The term “sons of God” is used throughout the Old Testament. Some example passages are:

  • Genesis 6:2-5, referring to a spiritual rebellion that infiltrated the human race and provided cause for the flood.
  • Deuteronomy 32:8, referencing the story of Babel, but adding the detail that when God divided the nations into different languages he also assigned them and divided them among the “sons of God.”
  • Job 1:6 and 2:1, which describes the “sons of God”  – and even Satan – as presenting themselves before God

In the New Testament, a similar word for “Elohim” in Greek is “Theos.” This word shows up in passages such as:

  • John 10:34-38 (referenced above).
  • 1 Corinthians 8:4-6, in which Paul addresses how empty idol worship of the pagan gods contrasts with pure, singular worship of the One True Creator God. There is also a pair of terms translated as “rulers and authorities” or “powers and principalities.”
  • 1 Peter 3:19-22, which connects the spiritual rebellion and Nephilim in Genesis 6:2–5 to the flood, baptism, salvation and the Resurrection.
  • Colossians 1:16, where Paul explains Jesus’s divinity by contrasting it to other spiritual authorities. Jesus is seated above them and at God’s right hand, and Jesus is Creator of these powers, rulers, and authorities.
  • Ephesians 3:10 explains that the Church — by including gentiles — makes the Creator God’s wisdom known to these rulers and authorities which exist in the heavenly (not earthly) realm.
  • Ephesians 6:12 tells us that our enemies are not humans, but rather rulers and authorities, which are explicitly spiritual (not human) forces of evil in the heavenly realm.

The bulk of Psalm 82 shows that these “gods”/“sons of God”/“theos”/“rulers and authorities” that sit in the divine council are rebuked, corrected, judged, humbled, and condemned. In verse 2 of Psalm 82, God judges them as having fallen short of his standard due to their lack of justice and giving preferential treatment of the wicked.

In verse 4 God commands them to give justice to the weak and the fatherless, to uphold the rights of the poor and oppressed, and to rescue the weak and needy from the wicked. In verse 5, God points out their ignorance, and tells them that because of their failures and rebellions, the foundations of the world are disrupted.[vi]

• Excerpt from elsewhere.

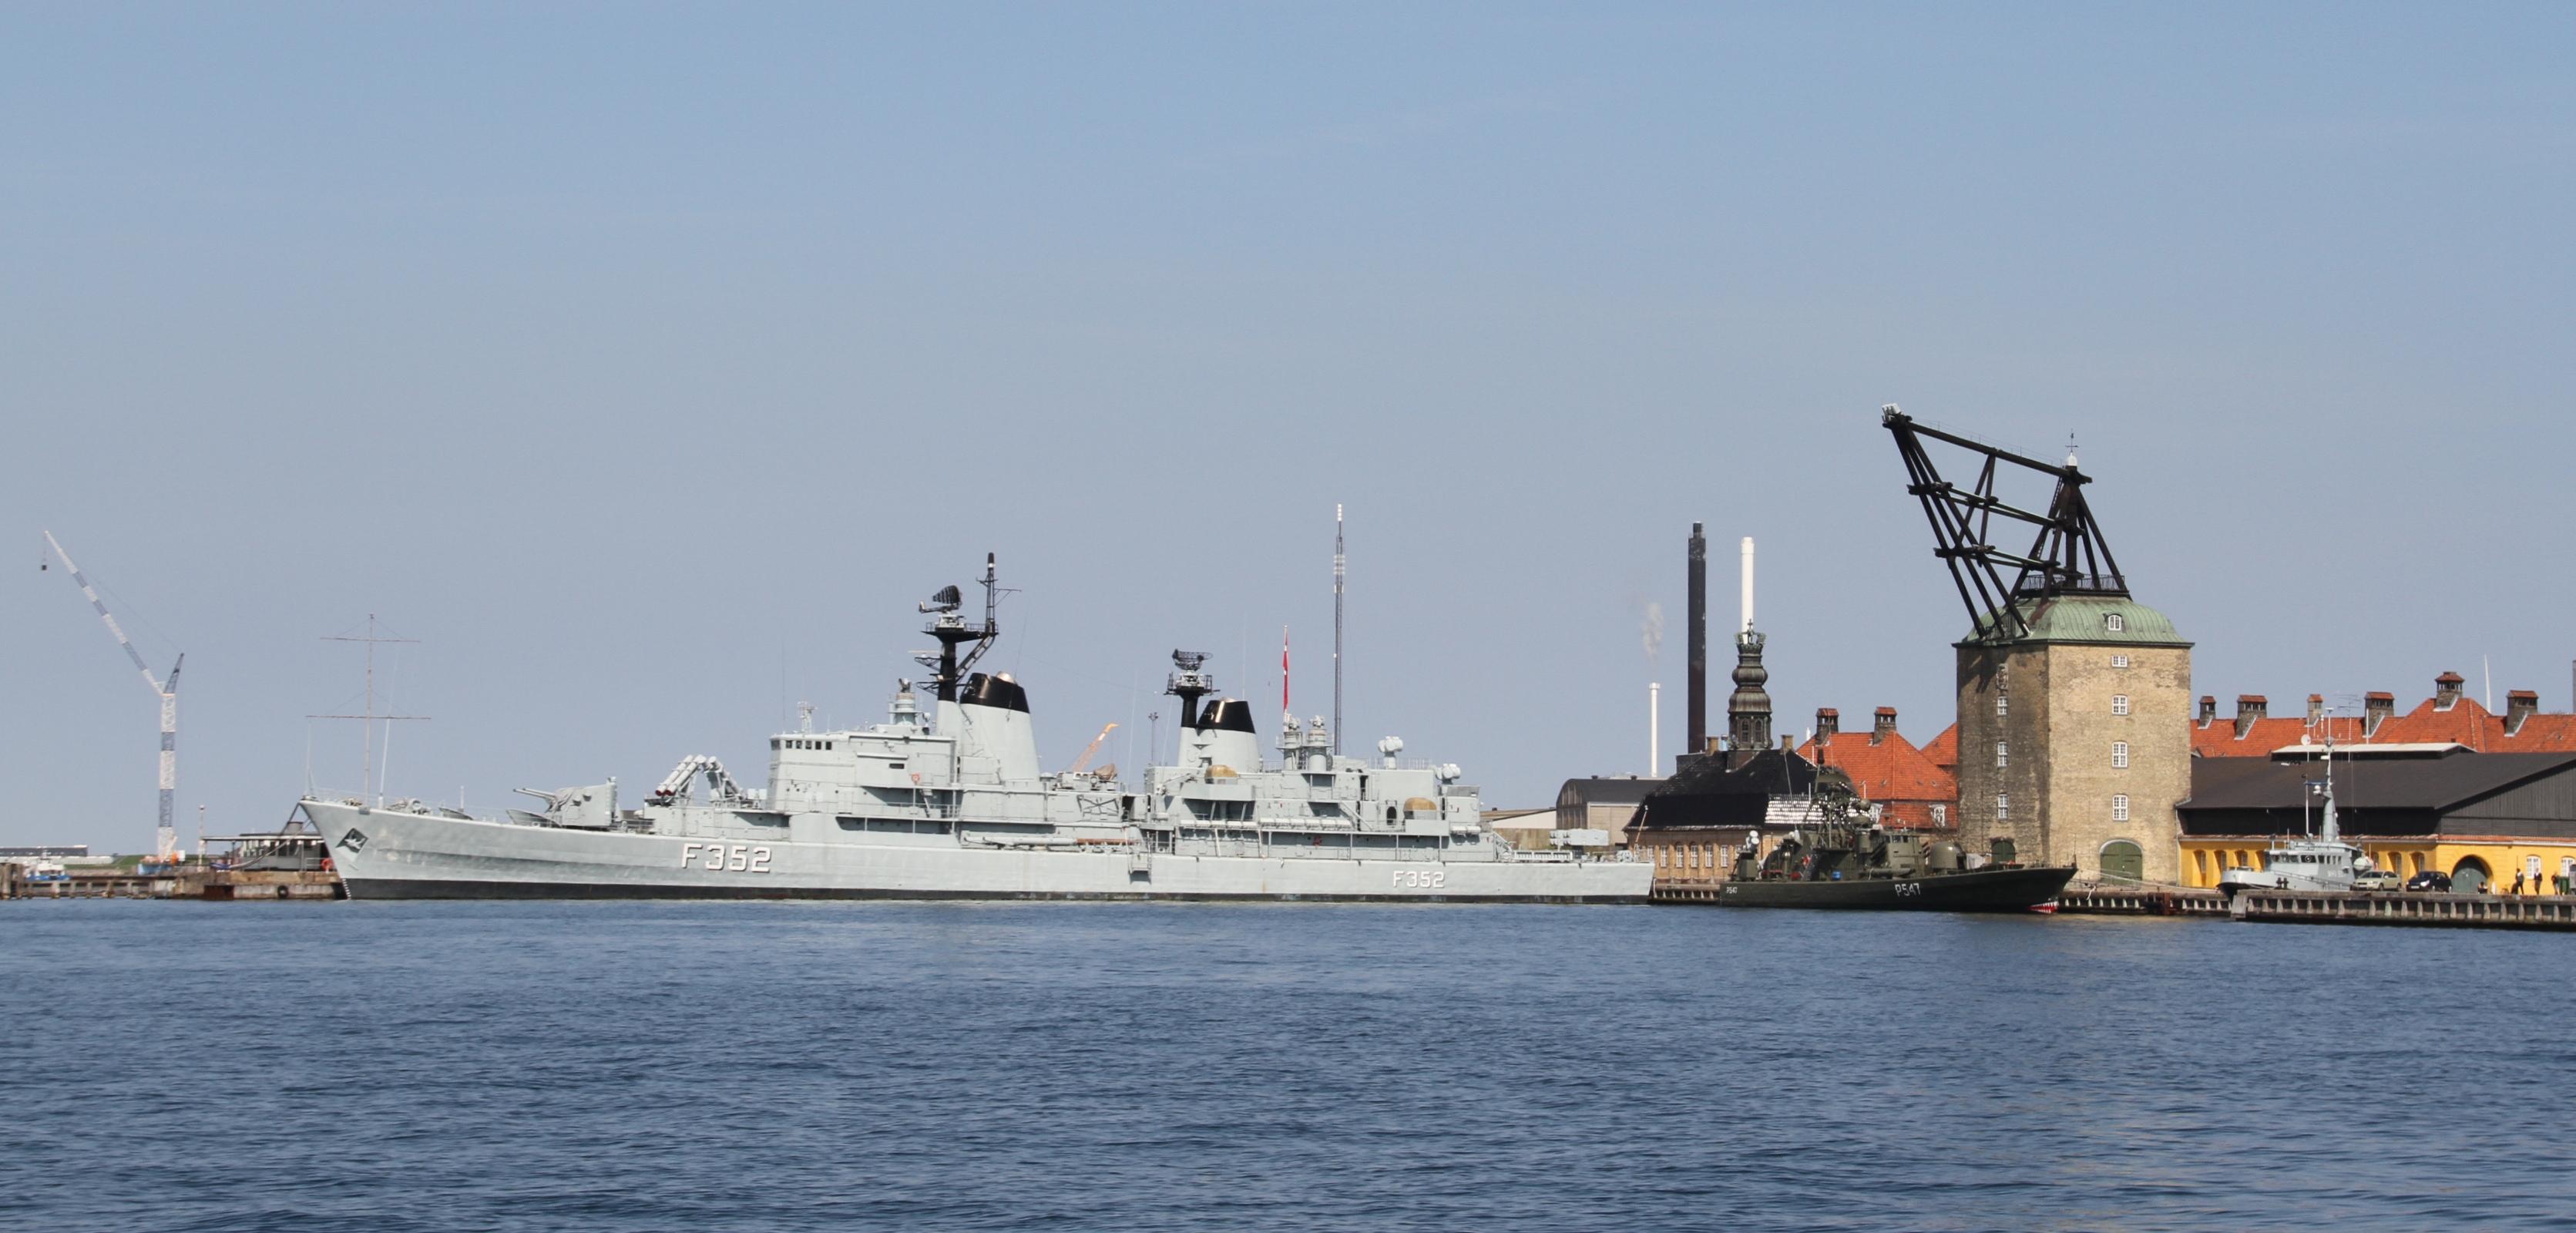 Filecopenhagen Museum Warships Peder Skram And Sehested Img 5503

In verse 6, God reminds them that he is the one who grants their special status, even calling them his sons.[vii] In verse 7, God issues their condemnation to die like human rulers. The Psalm ends in verse 8 with a plea for God to rise up and judge the earth and declares that the nations are God’s inheritance.

Reinheriting the Nations

This Psalm gives a rare view into unseen spiritual realities, and it peels back the curtain for a moment, giving another perspective of the victory of the Gospel that we don’t normally see. For starters, we learn about our position as lost humans. Those of us who are gentiles are part of the disinherited nations mentioned in Deuteronomy 32:5–8.

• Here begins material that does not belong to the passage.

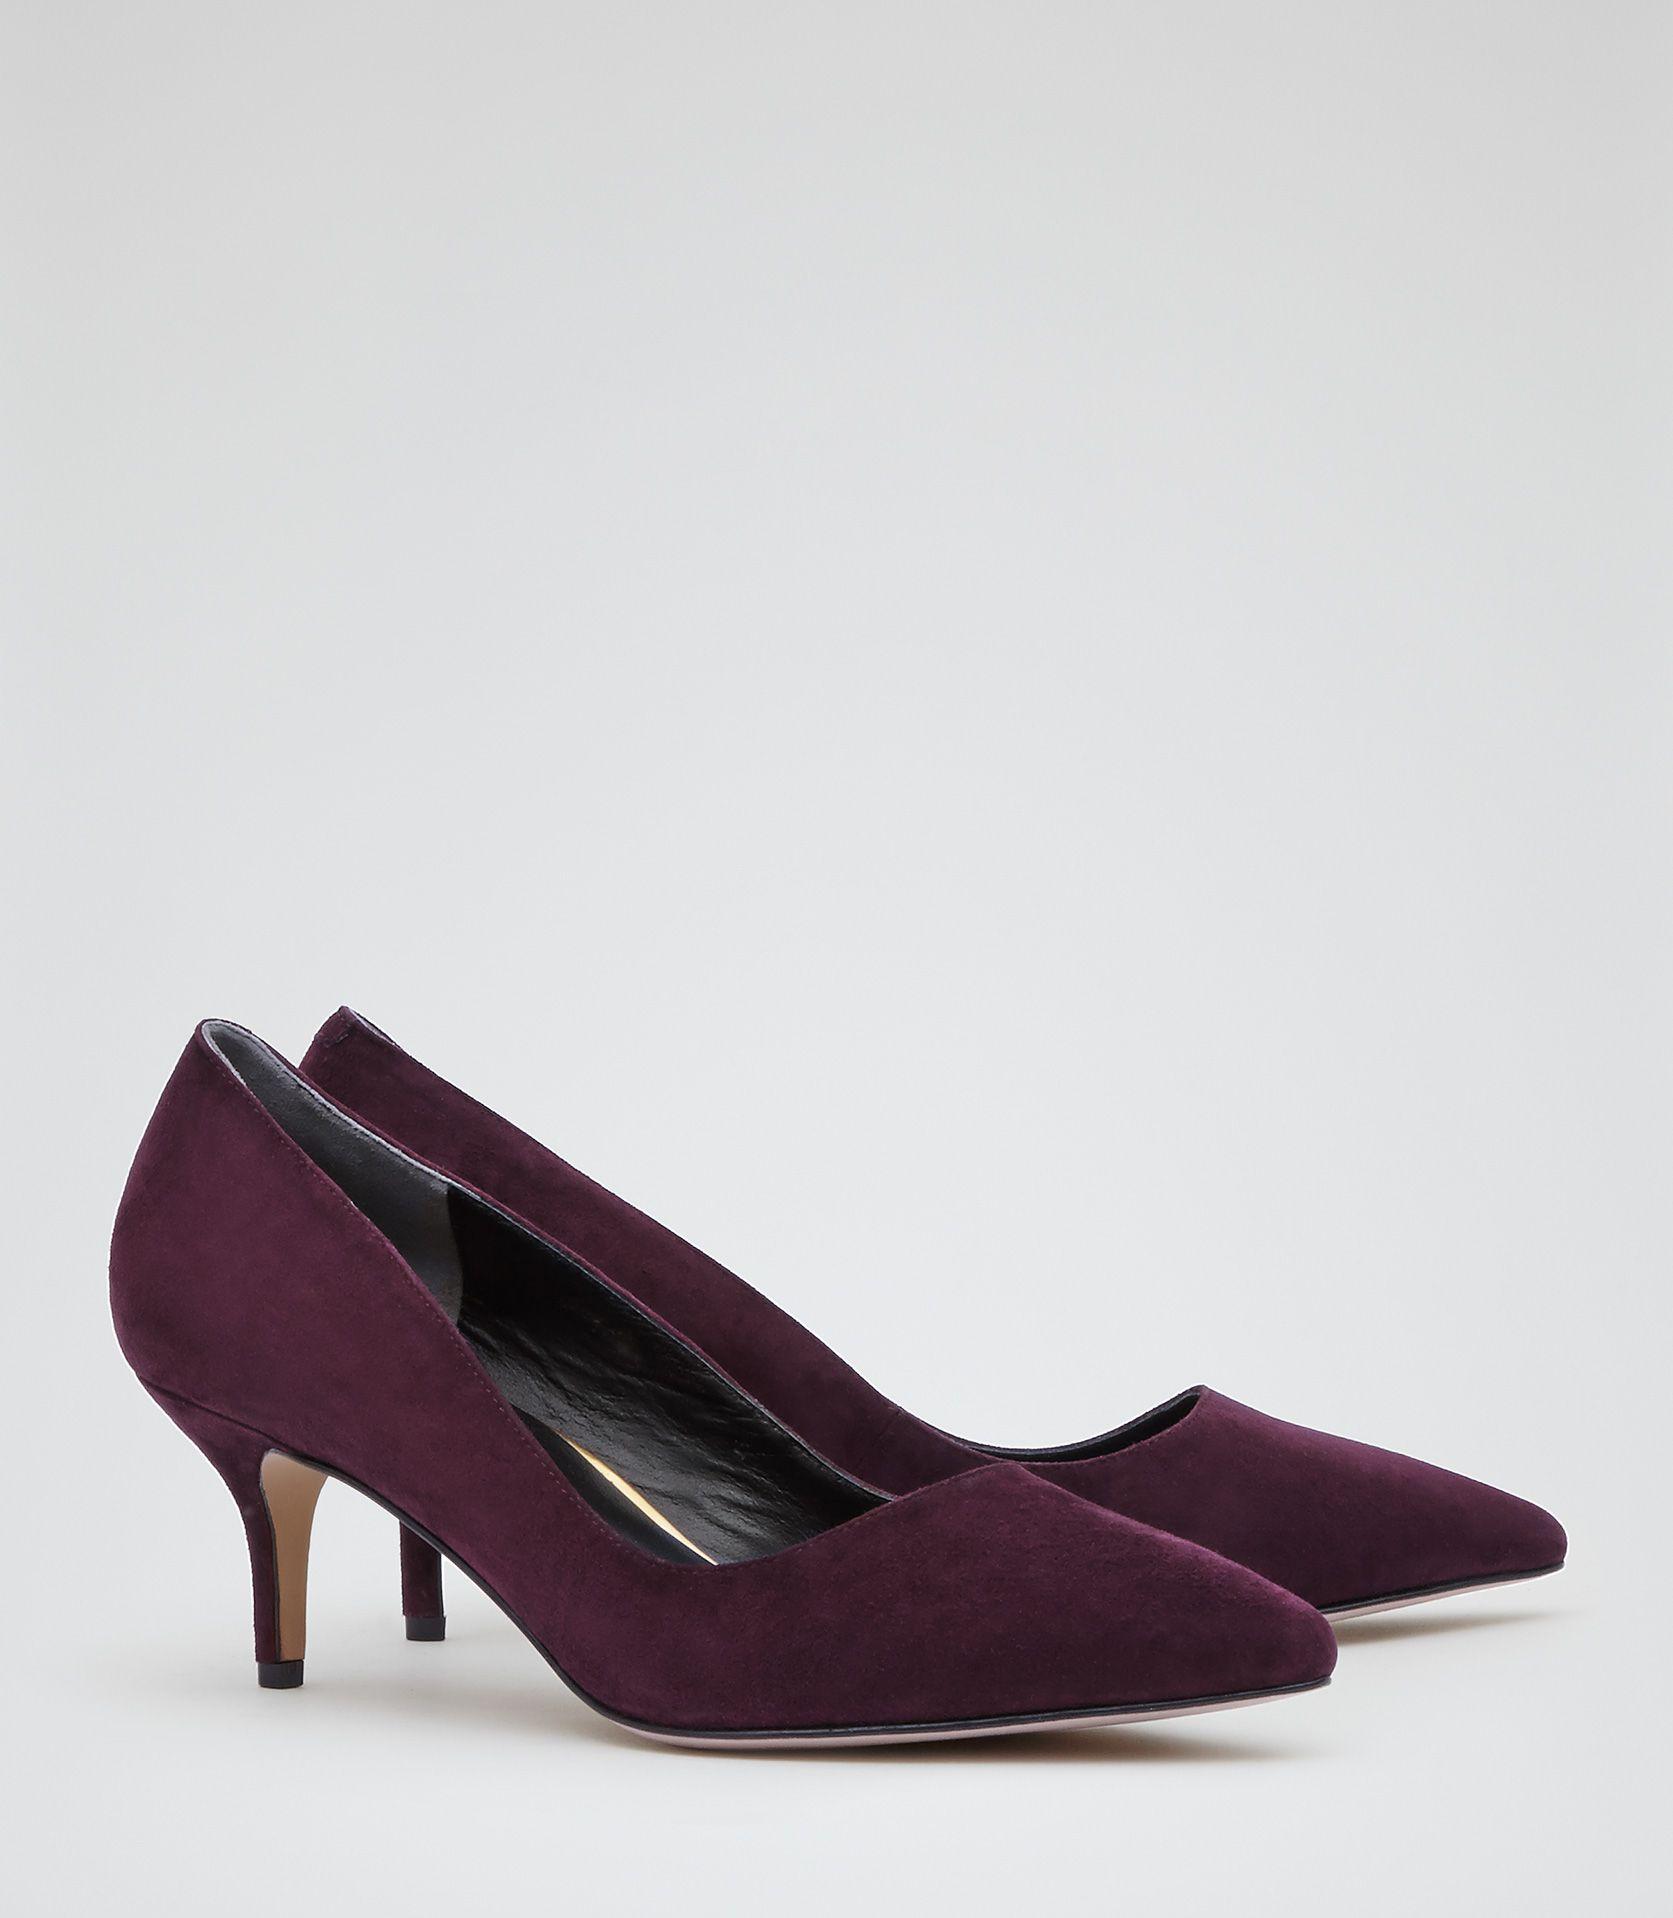 Womens Burgundy Kitten Heel Court Shoes - Reiss Holly | My work ...

This passage helps us to understand why so much is wrong in the world. It is under the administration of rebellious spiritual forces, which Paul calls the “power of the air”[viii] and the “domain of darkness.”[ix] We also learn about God’s character and sovereignty. His authority and rule is unquestionably above rebellious spiritual powers, yet even so, he values participation.

Just as he created us in his image to have dominion over the earth (which we wield poorly), there are also spiritual beings through whom God administers his rule. Though God has given over the nations to these spiritual authorities (Deuteronomy 32:5–9), he is still concerned with how the “sons of God” administer their rule over the nations, and Yahweh takes final responsibility for them, including a promise to once again re-inherit the nations and make all things right (verse 8).

Psalm 82 gives us a deeper understanding of who Jesus is and what it means to be saved by him. When Jesus quotes this Psalm, he claims that he is God ruling over these rebellious spiritual authorities. In verses 2–5, God condemns the divine council for not living up to the standard of being sons of the Most High because of their lack of justice.

Jesus’s reference to these verses reminds the crowds that his actions – “justice to the weak and the fatherless;…rescue of the weak and the needy… deliverance from the hand of the wicked…” – prove that he is the true Son of God. Jesus administered justice and fulfilled the Father’s expectations for the so called “gods.” Jesus ruled in the way that the rebellious spiritual authorities were meant to rule.[x]

Yet, even so, like a man Jesus would die. The Prince of Peace died as a human. Jesus quoted Psalm 82 when the crowds are about to try kill him by stoning, and afterwards they tried to seize him, presumably to kill him. Though they did not kill him that day, eventually Jesus would be put to death for being the Messiah, the true Son of God. That was not the end of the story, however!

In verse 8 The Psalmist pleads for God to “arise” to judge these rebellious spiritual powers. And that is exactly what God did! As the Psalmist begged, Jesus, the true Son of God, rose from the dead in judgment of these so-called “sons of God.”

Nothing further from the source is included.